### Data
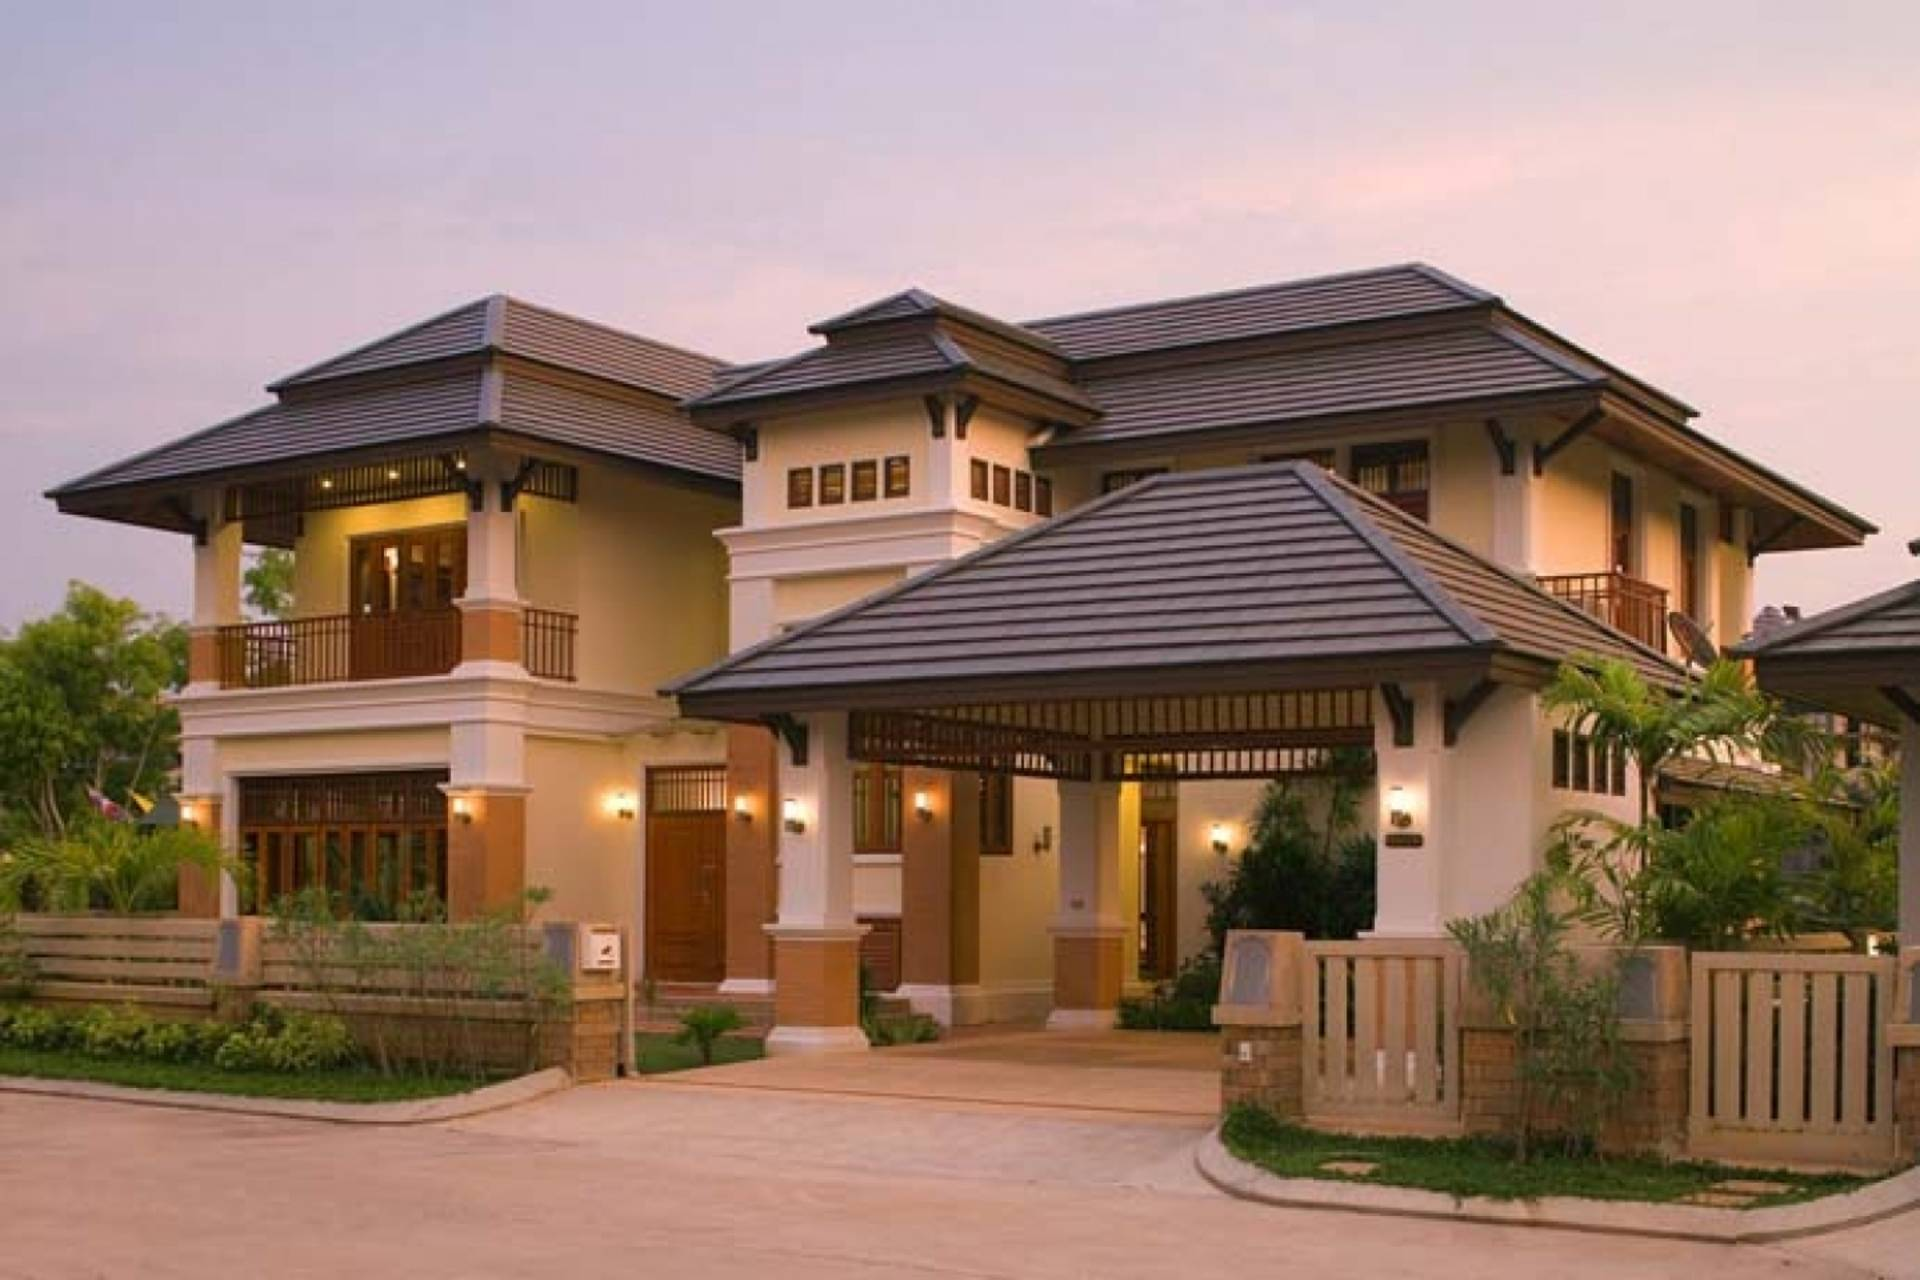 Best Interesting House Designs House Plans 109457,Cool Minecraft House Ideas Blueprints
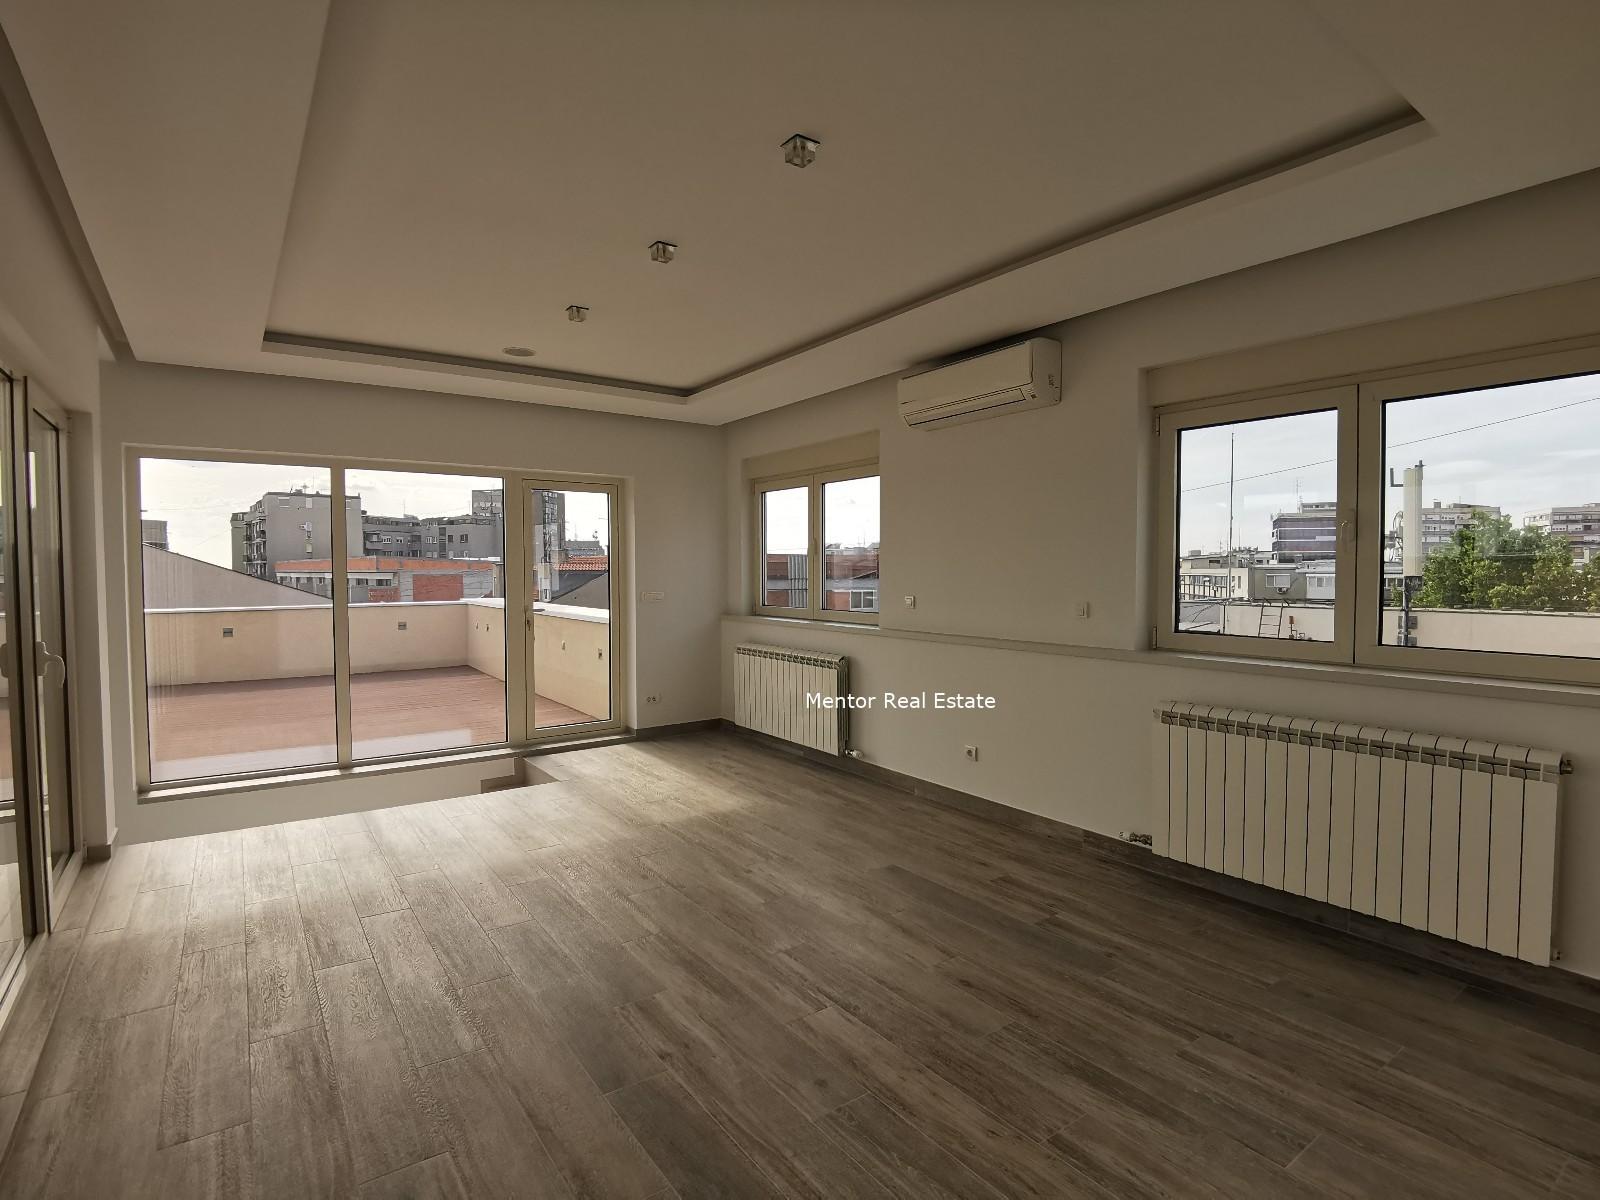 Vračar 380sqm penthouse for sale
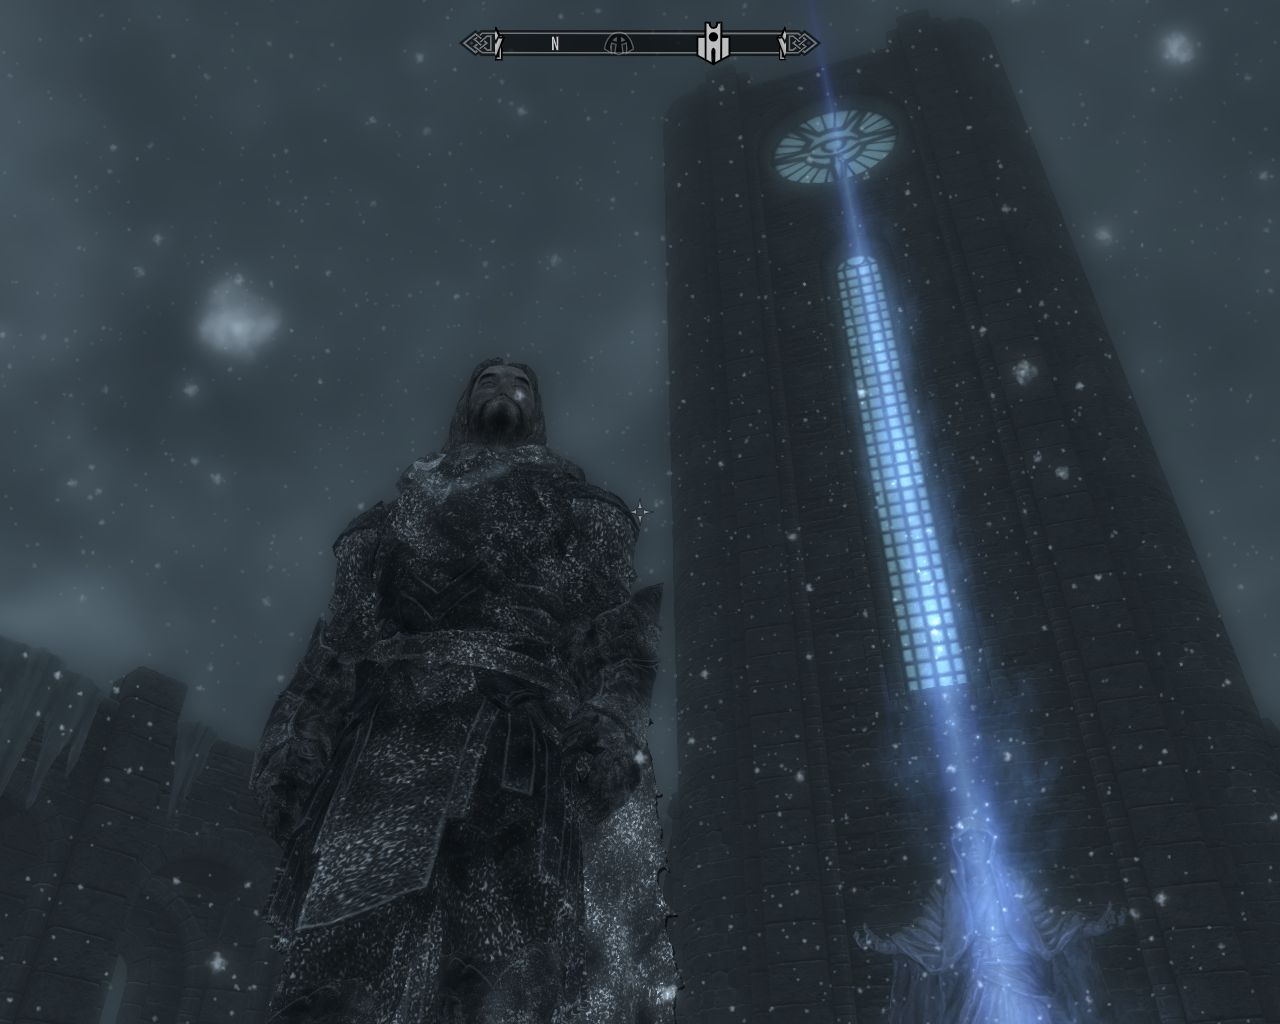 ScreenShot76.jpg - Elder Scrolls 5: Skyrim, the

### What is needed
Copy out the listing above in full and leave out its pictures.

### Response
 Best Interesting House Designs House Plans 109457,Cool Minecraft House Ideas Blueprints
 Vračar 380sqm penthouse for sale
 ScreenShot76.jpg - Elder Scrolls 5: Skyrim, the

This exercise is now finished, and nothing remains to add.